THE TASK: Only the pictures are to be dropped; the rest of the data below is to be duplicated exactly.

DATA SECTION:
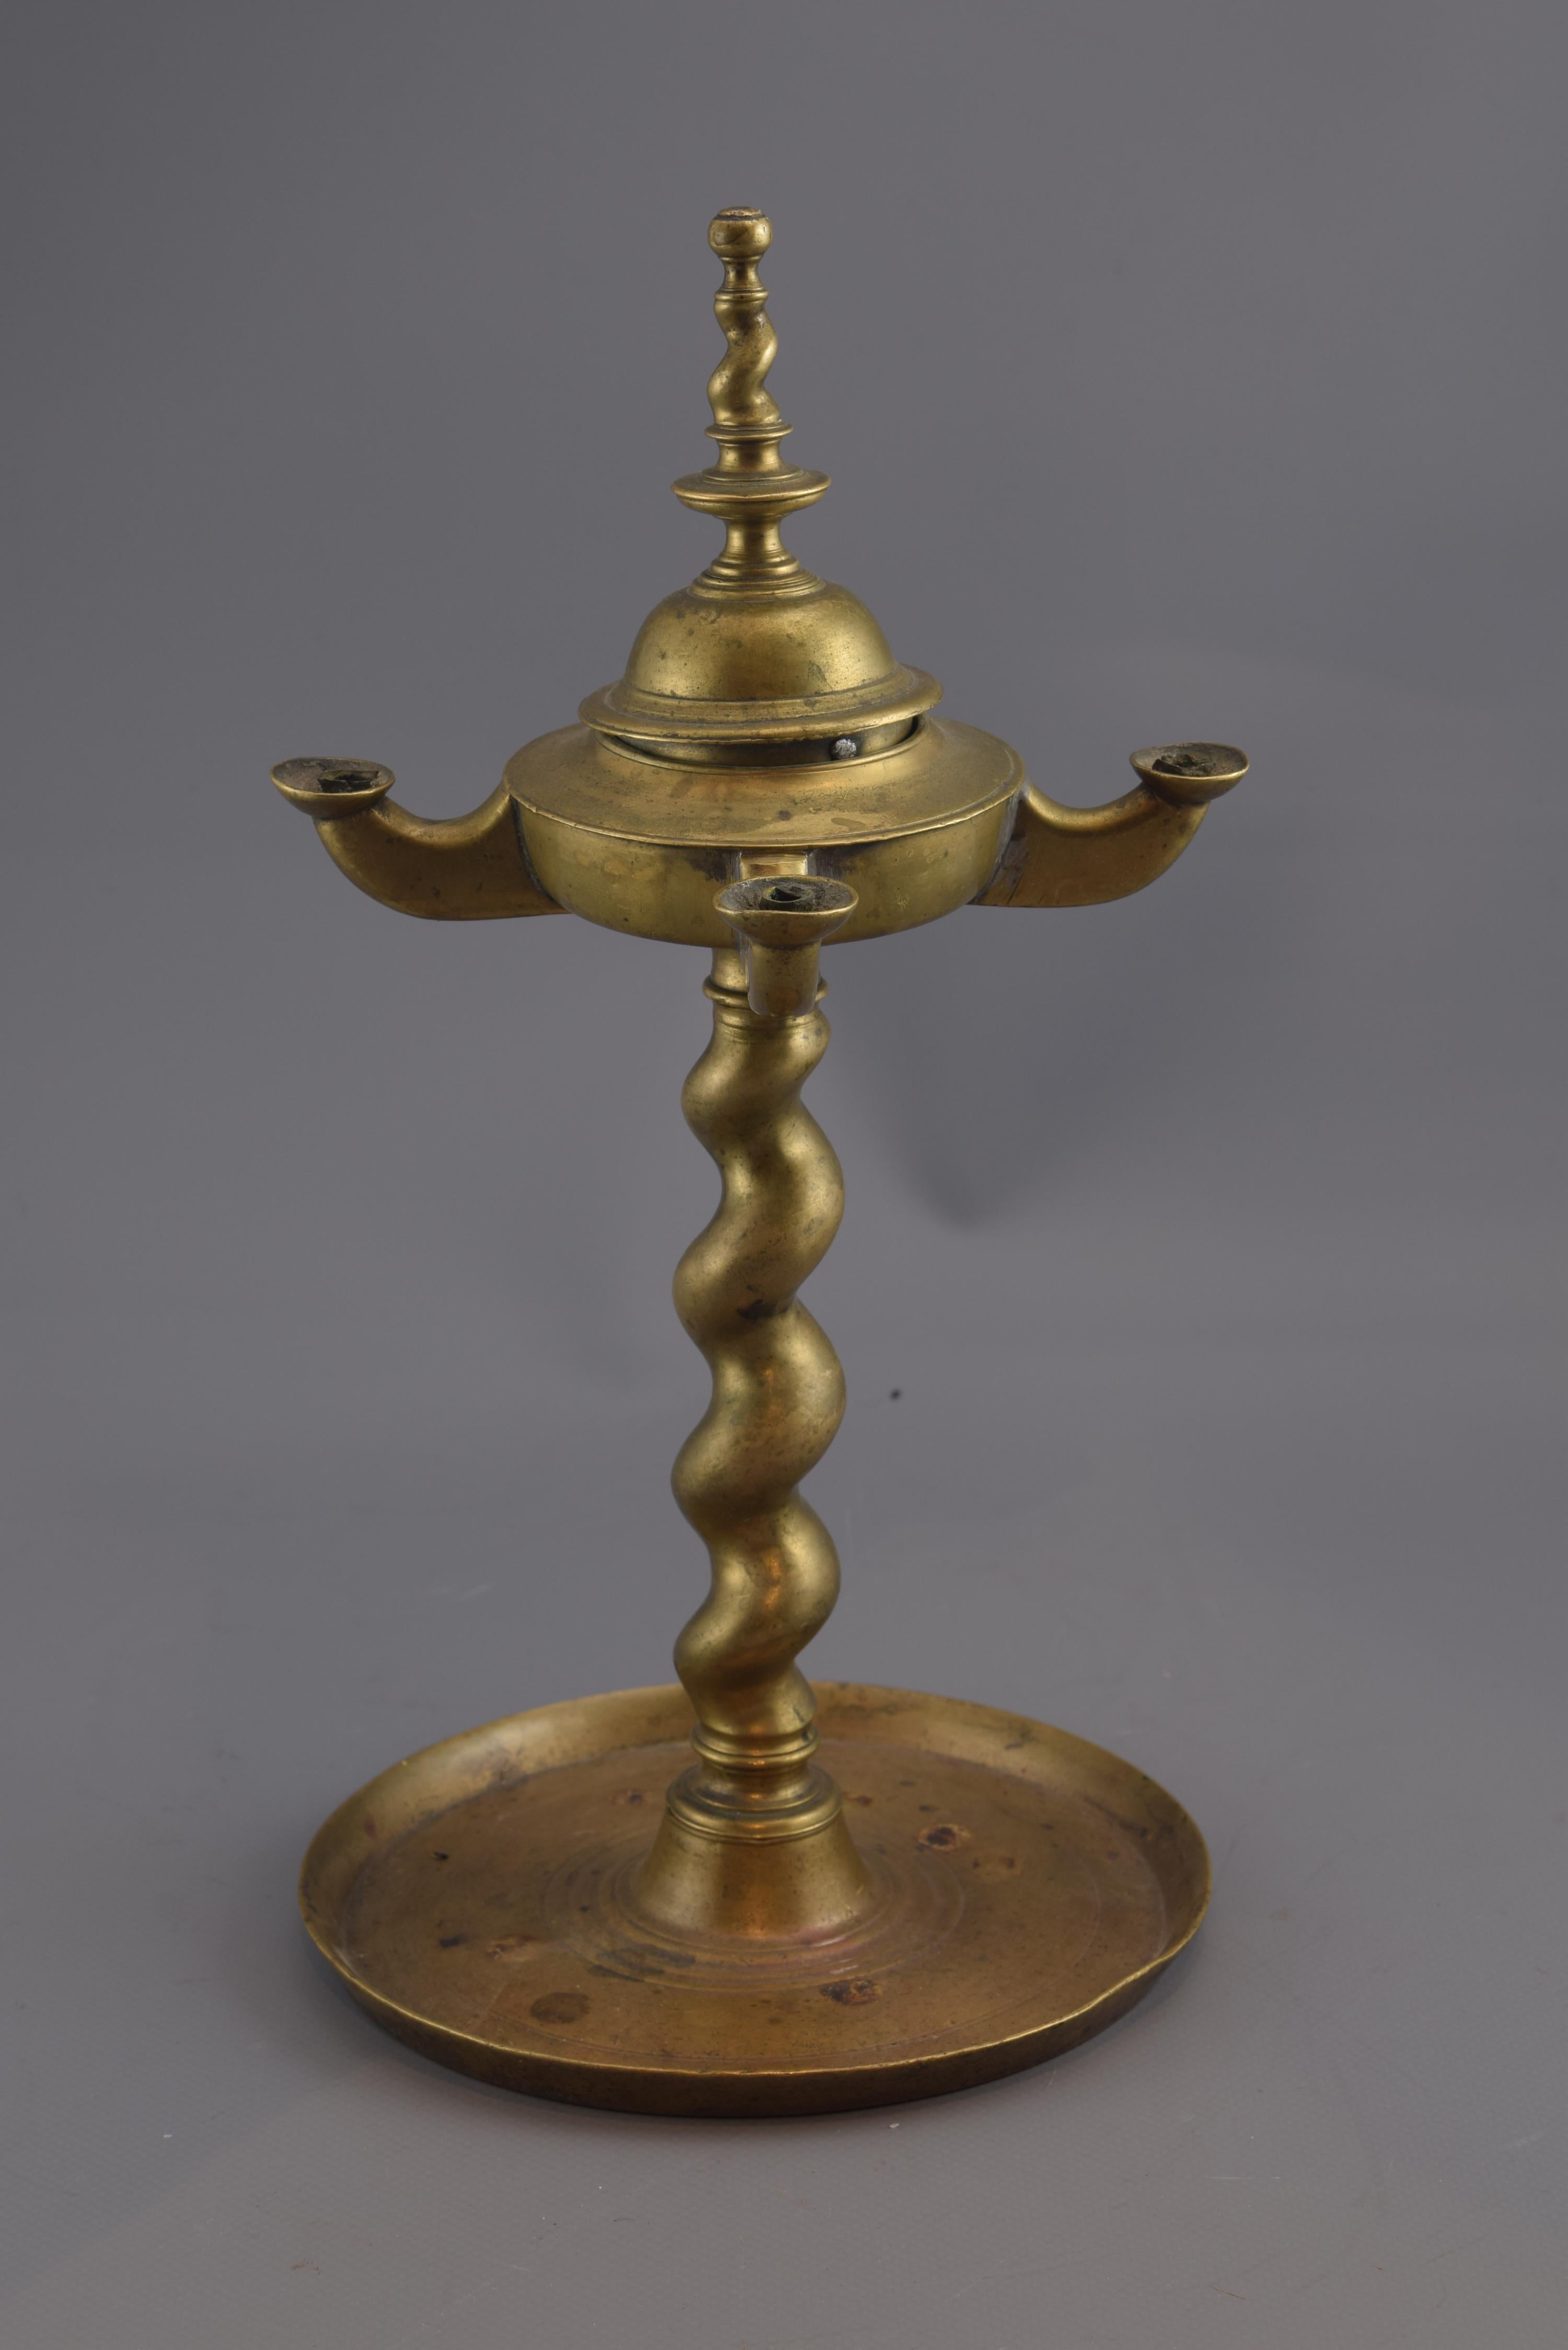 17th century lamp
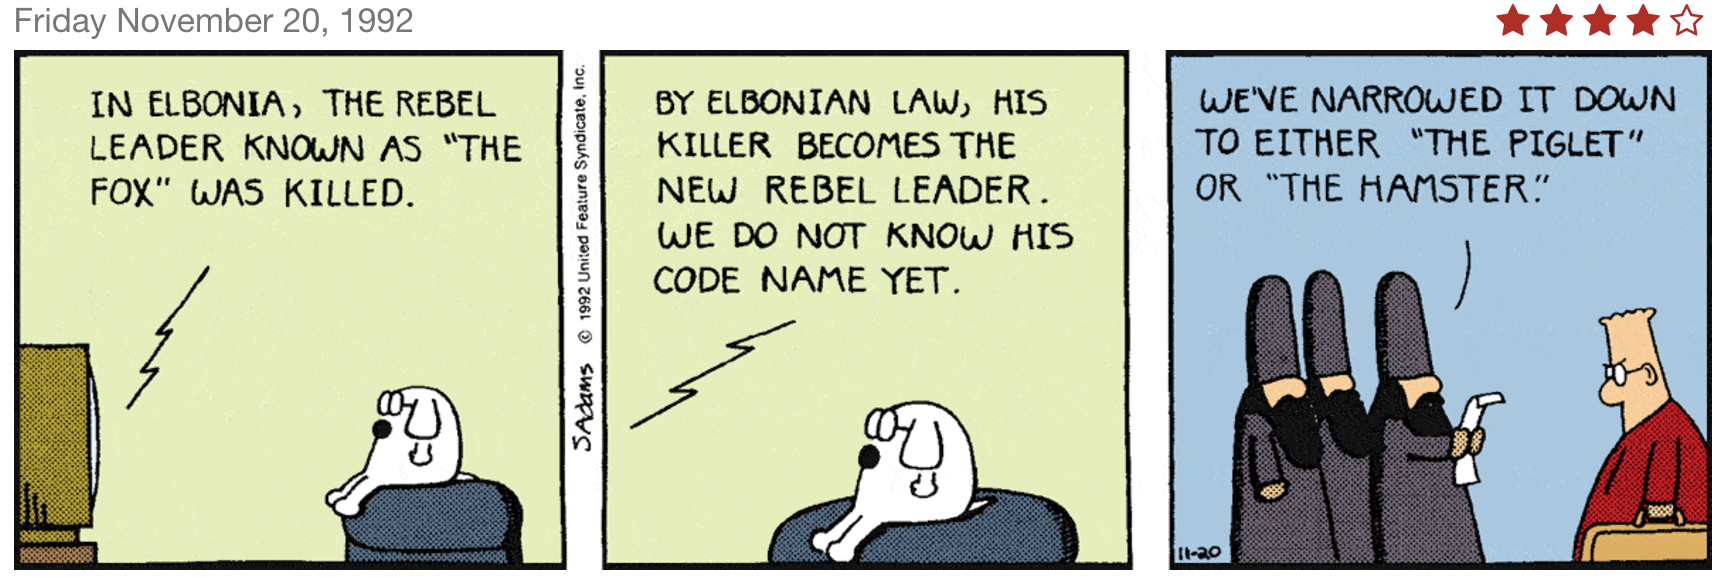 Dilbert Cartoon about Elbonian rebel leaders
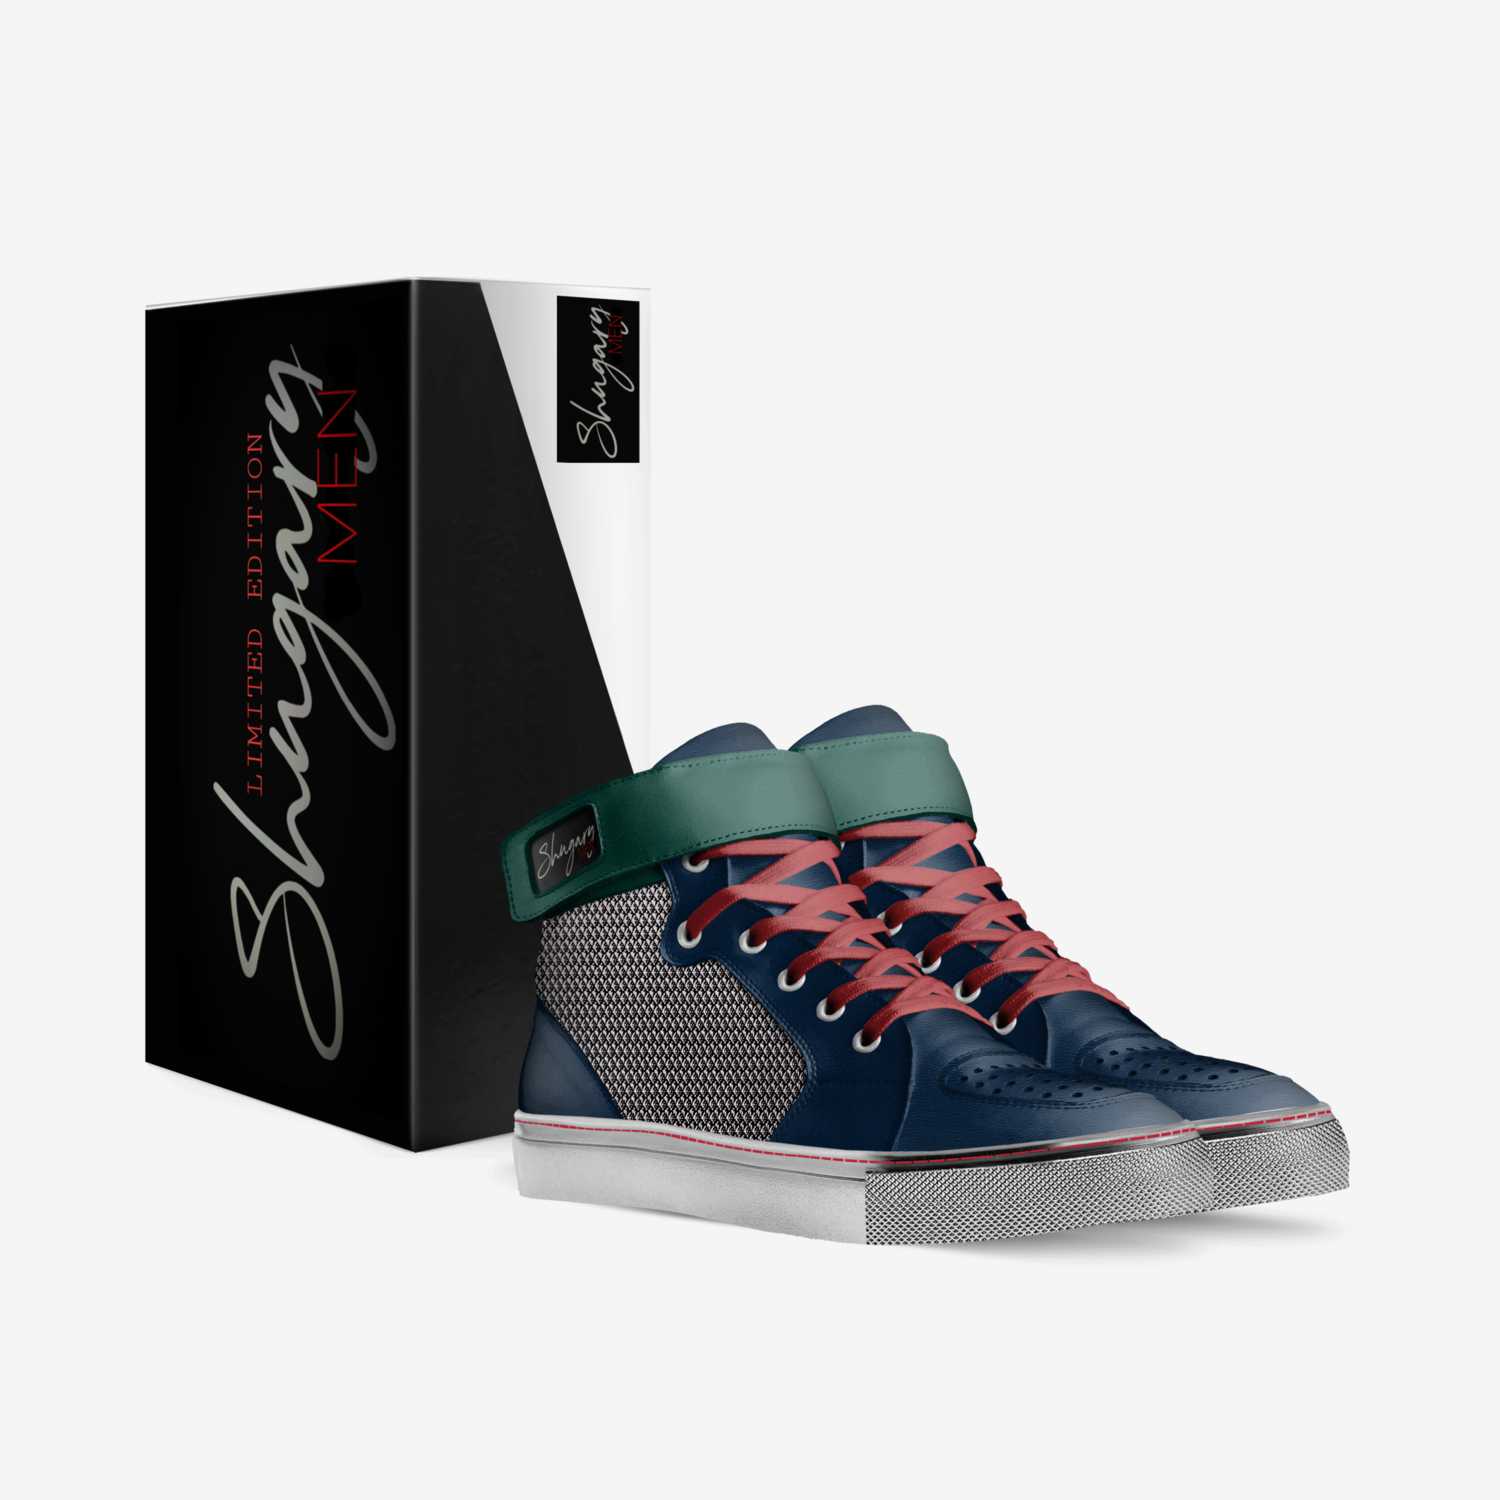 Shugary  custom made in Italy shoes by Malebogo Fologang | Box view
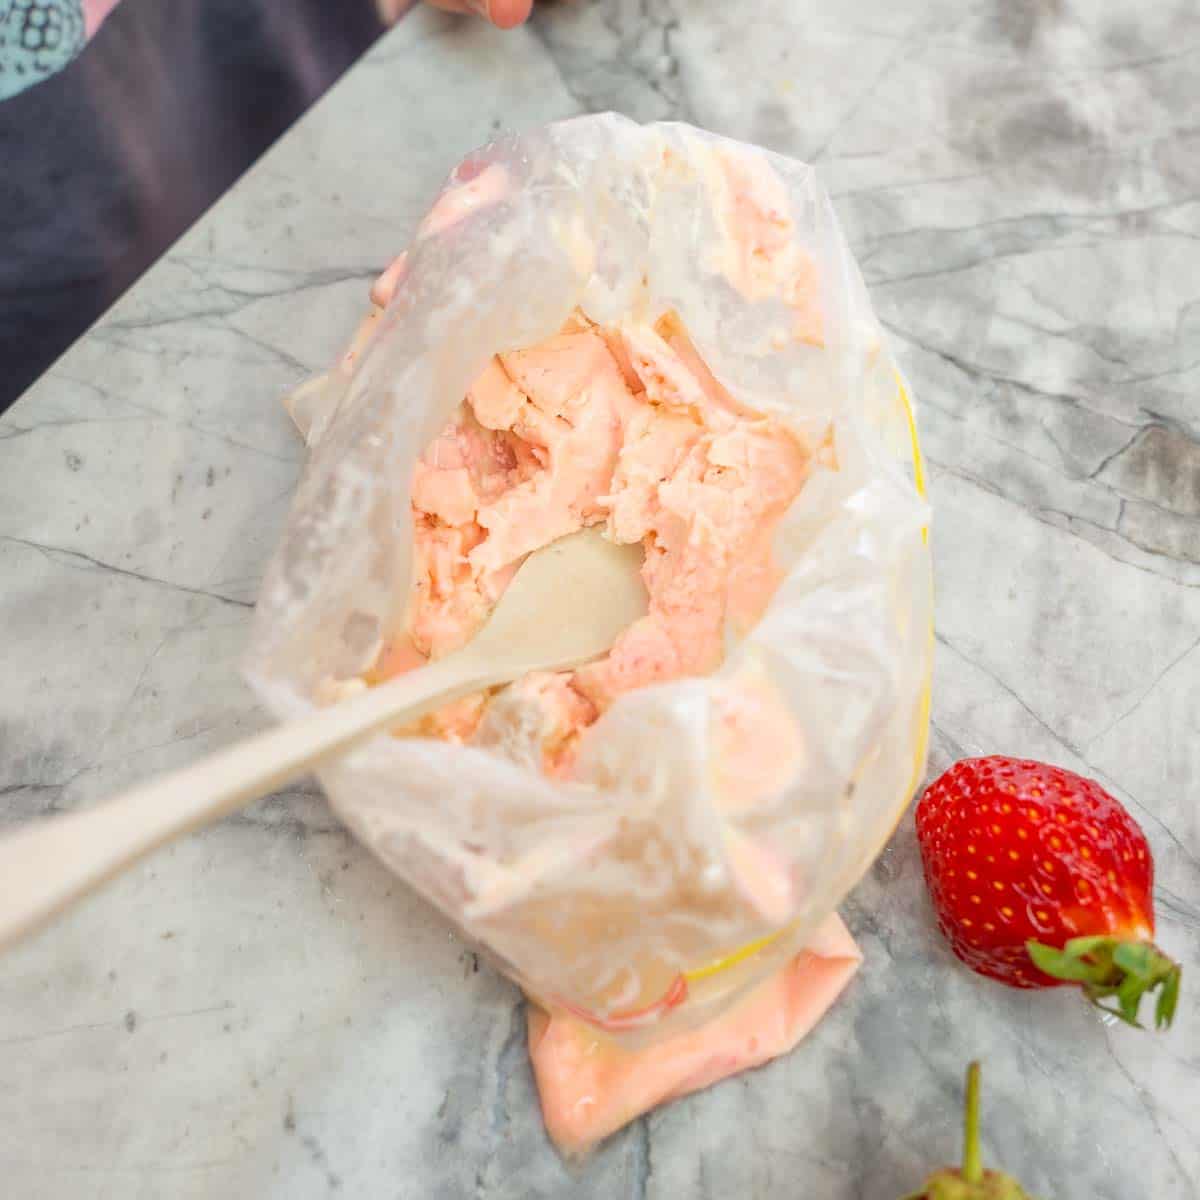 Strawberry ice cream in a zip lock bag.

SOLUTION FOR THIS PROBLEM:
 17th century lamp
 Dilbert Cartoon about Elbonian rebel leaders
 Shugary  custom made in Italy shoes by Malebogo Fologang | Box view
 Strawberry ice cream in a zip lock bag.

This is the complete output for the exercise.